▸ Work to complete
Pictures in the listing should not be copied. Reproduce, word for word, each line from the one holding "Photo of 360" through the final line.

▸ Recorded data
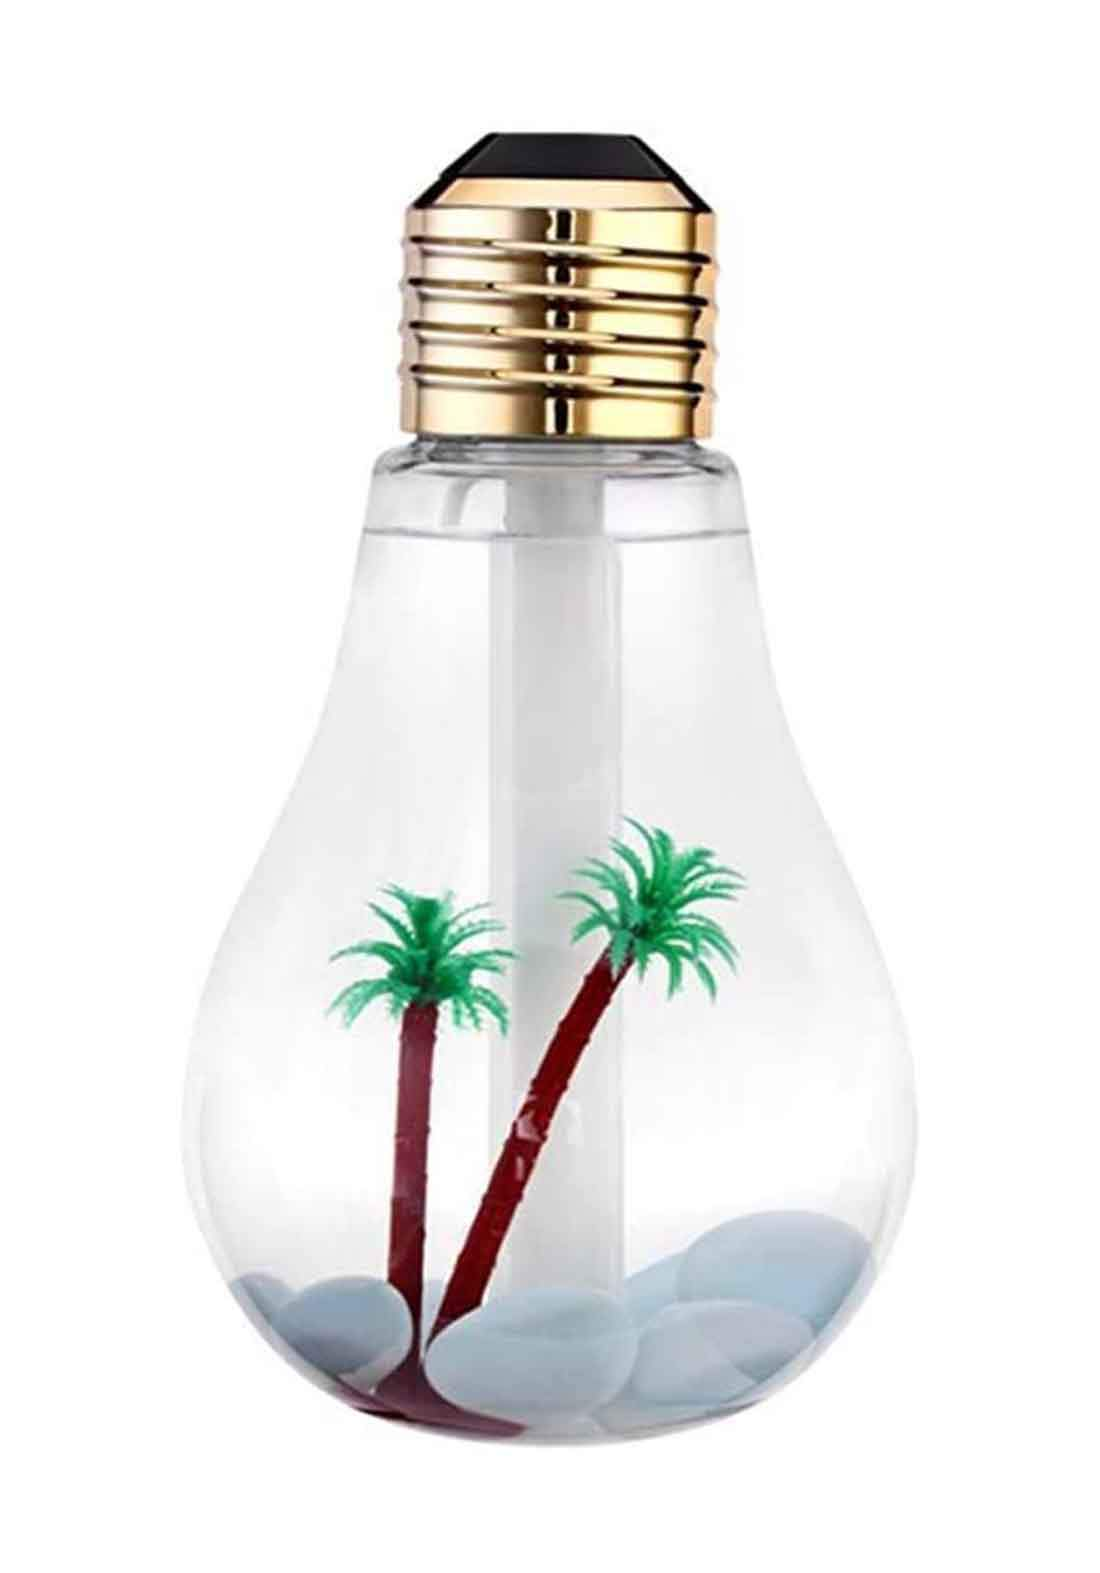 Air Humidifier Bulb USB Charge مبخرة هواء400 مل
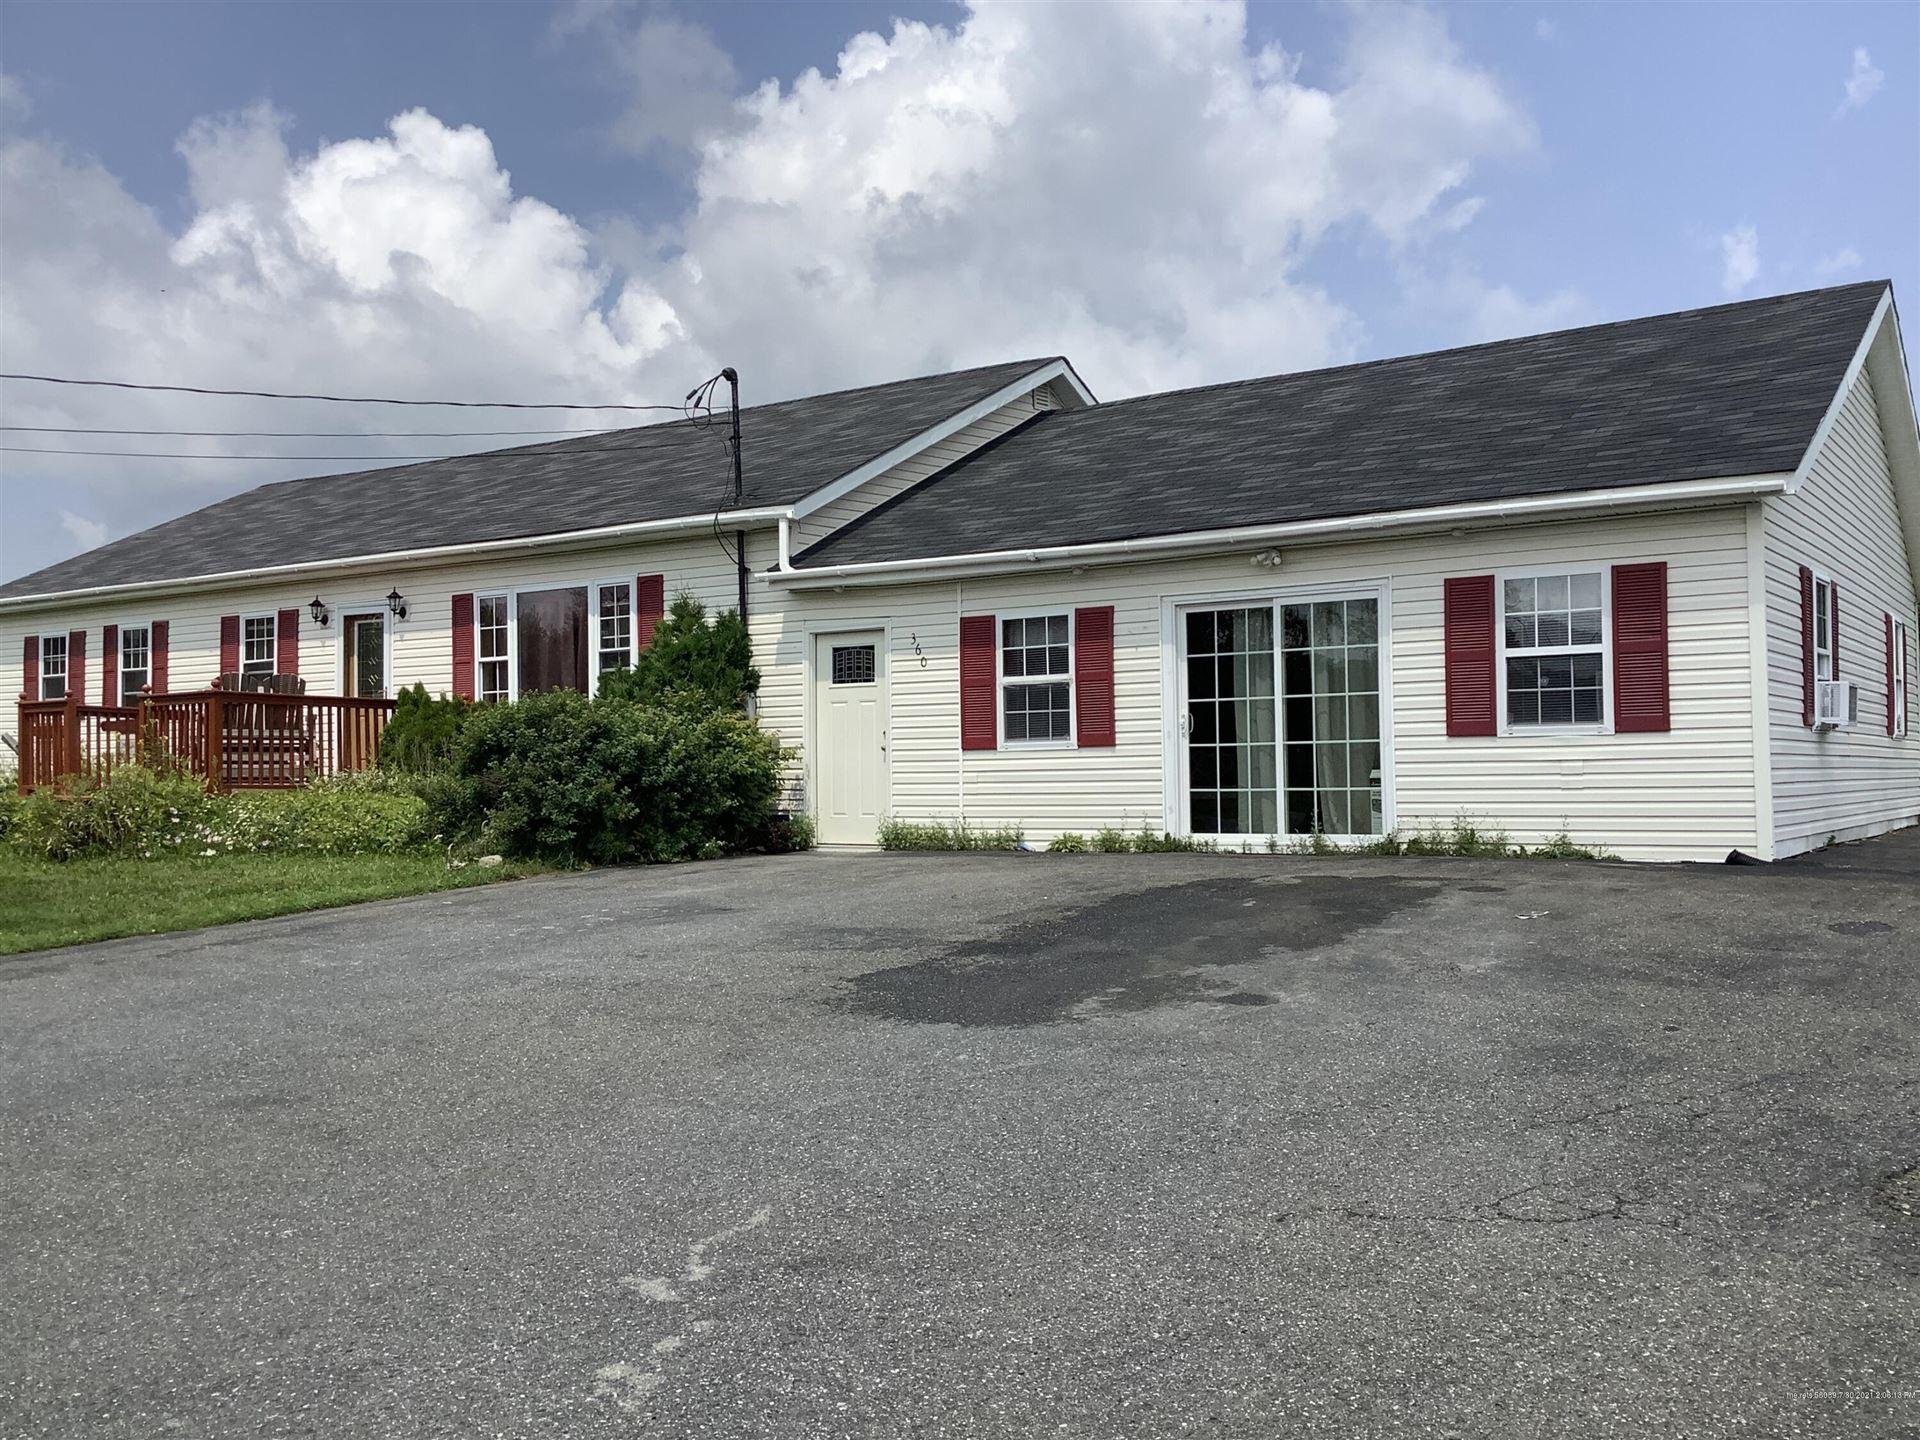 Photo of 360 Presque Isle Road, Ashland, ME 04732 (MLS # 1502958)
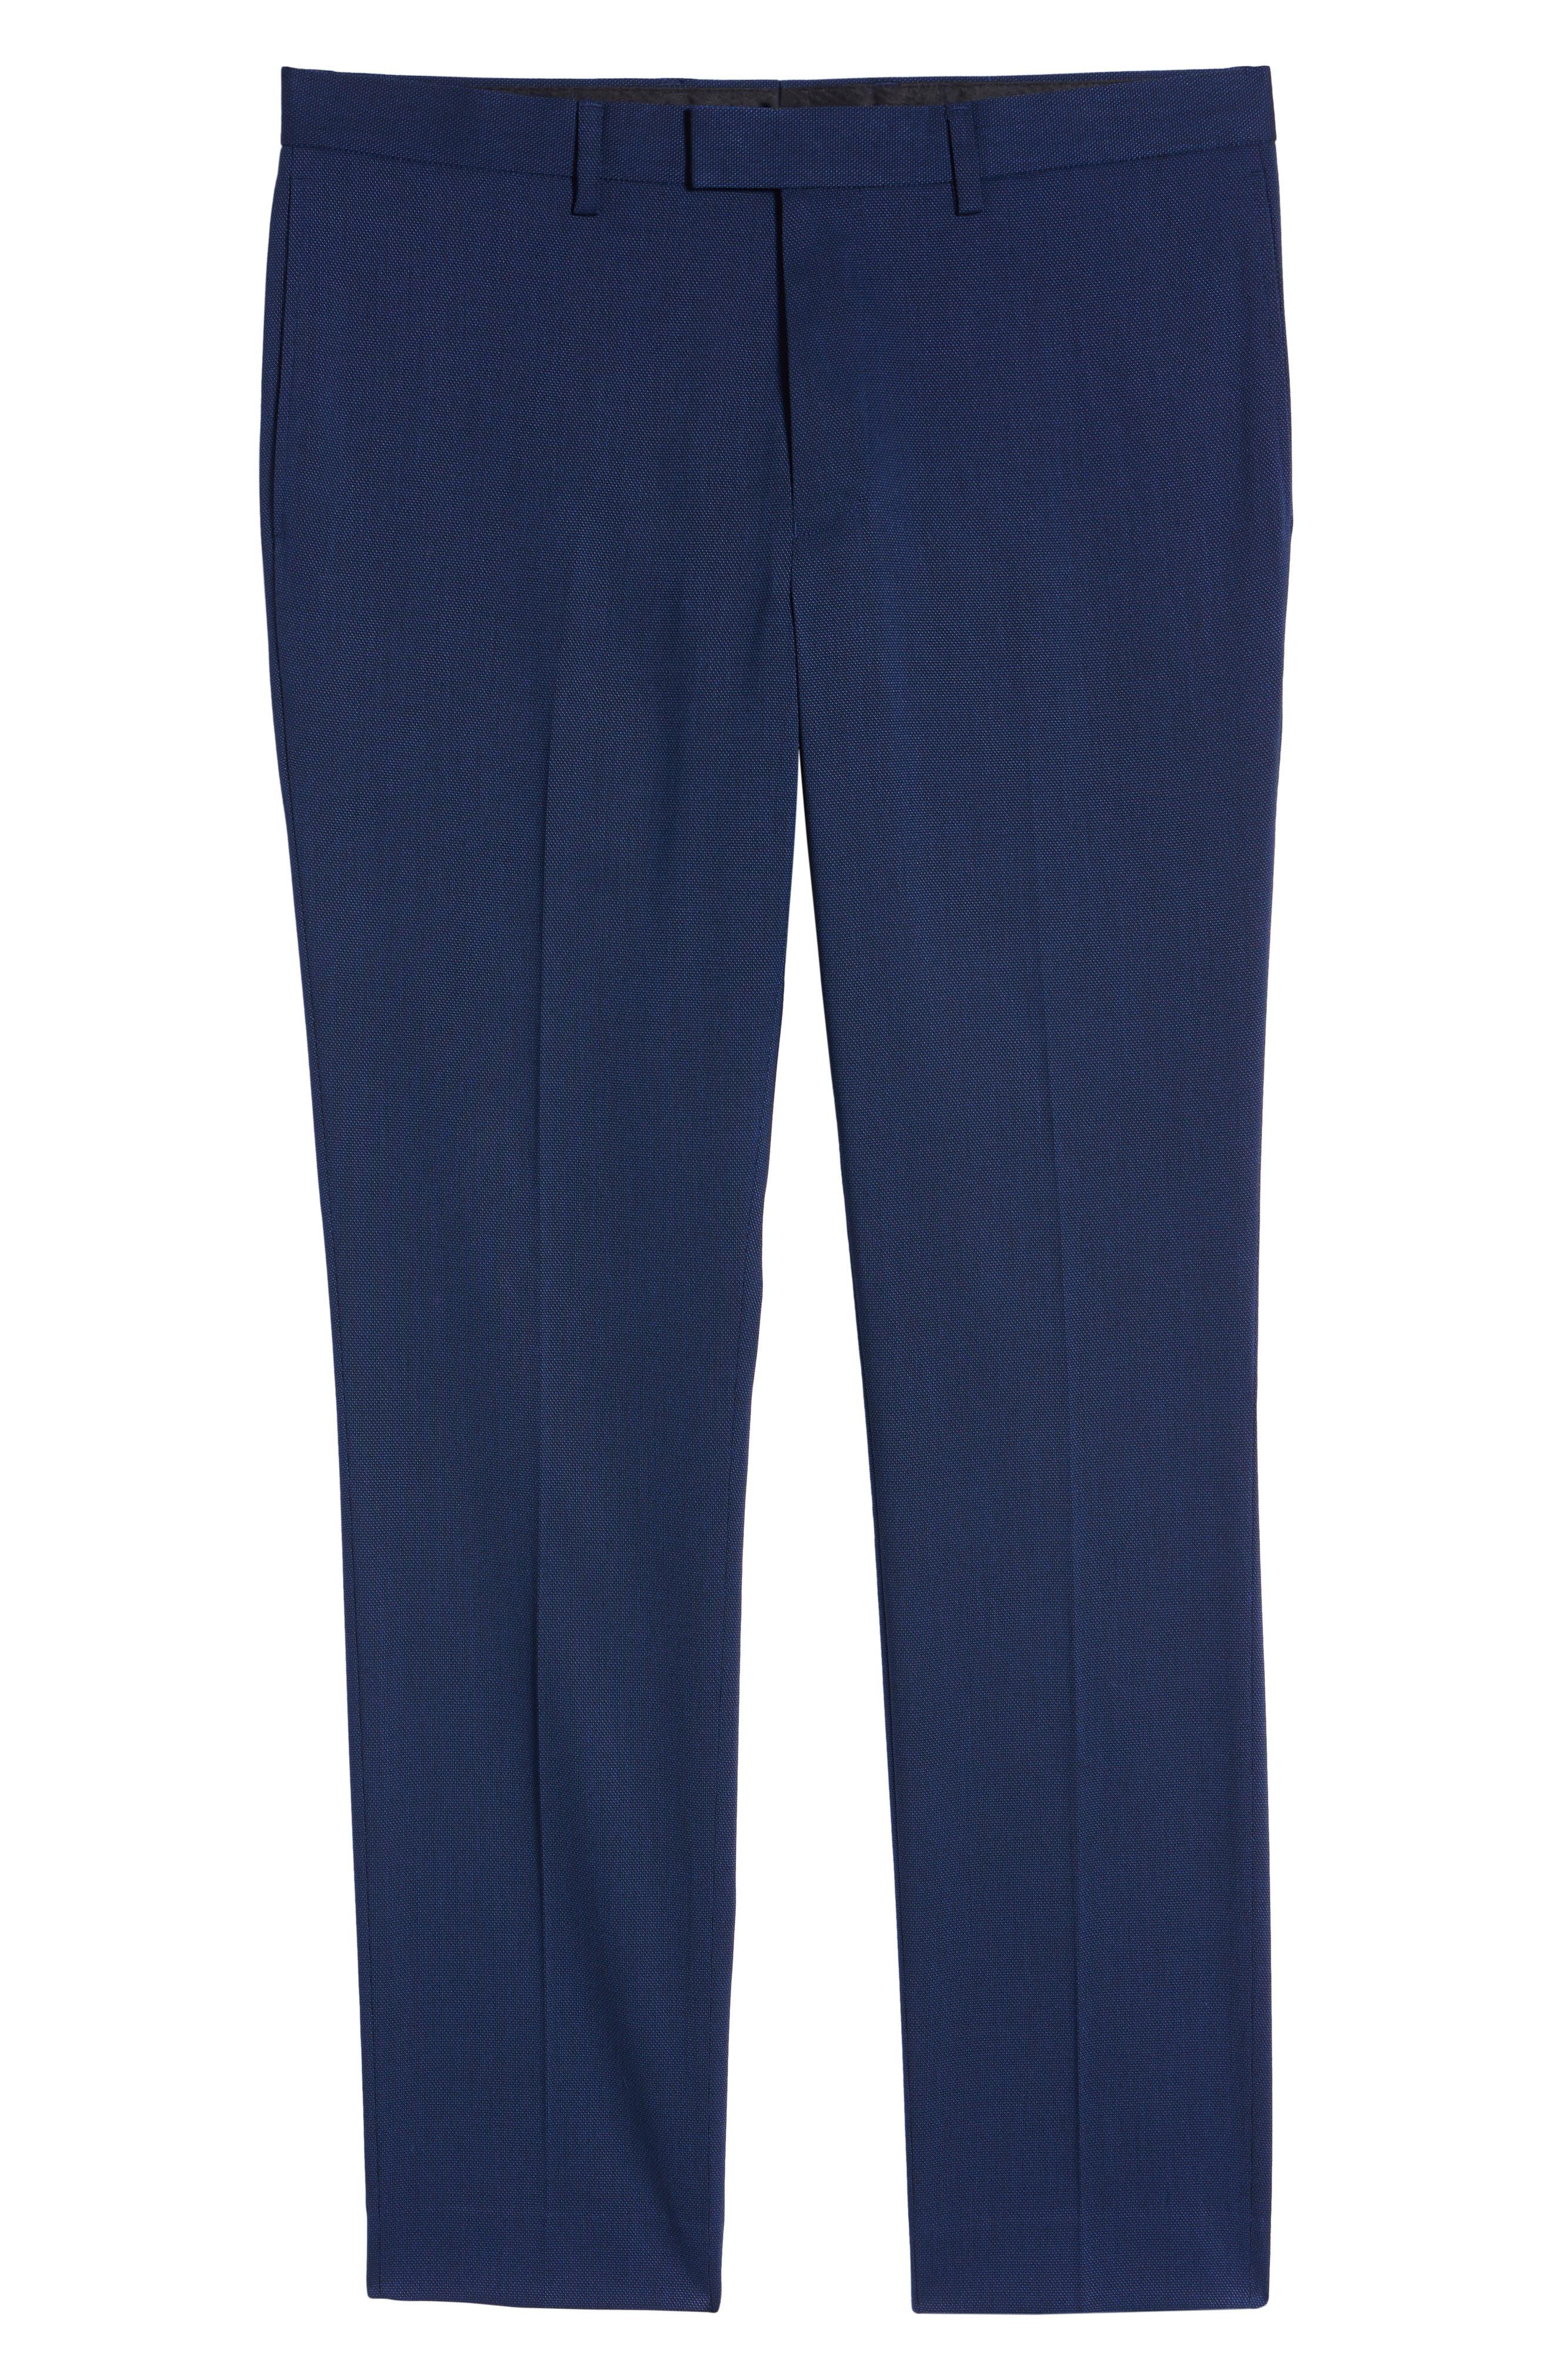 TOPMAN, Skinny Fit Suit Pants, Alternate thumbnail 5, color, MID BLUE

▸ Task result
 Photo of 360 Presque Isle Road, Ashland, ME 04732 (MLS # 1502958)
 TOPMAN, Skinny Fit Suit Pants, Alternate thumbnail 5, color, MID BLUE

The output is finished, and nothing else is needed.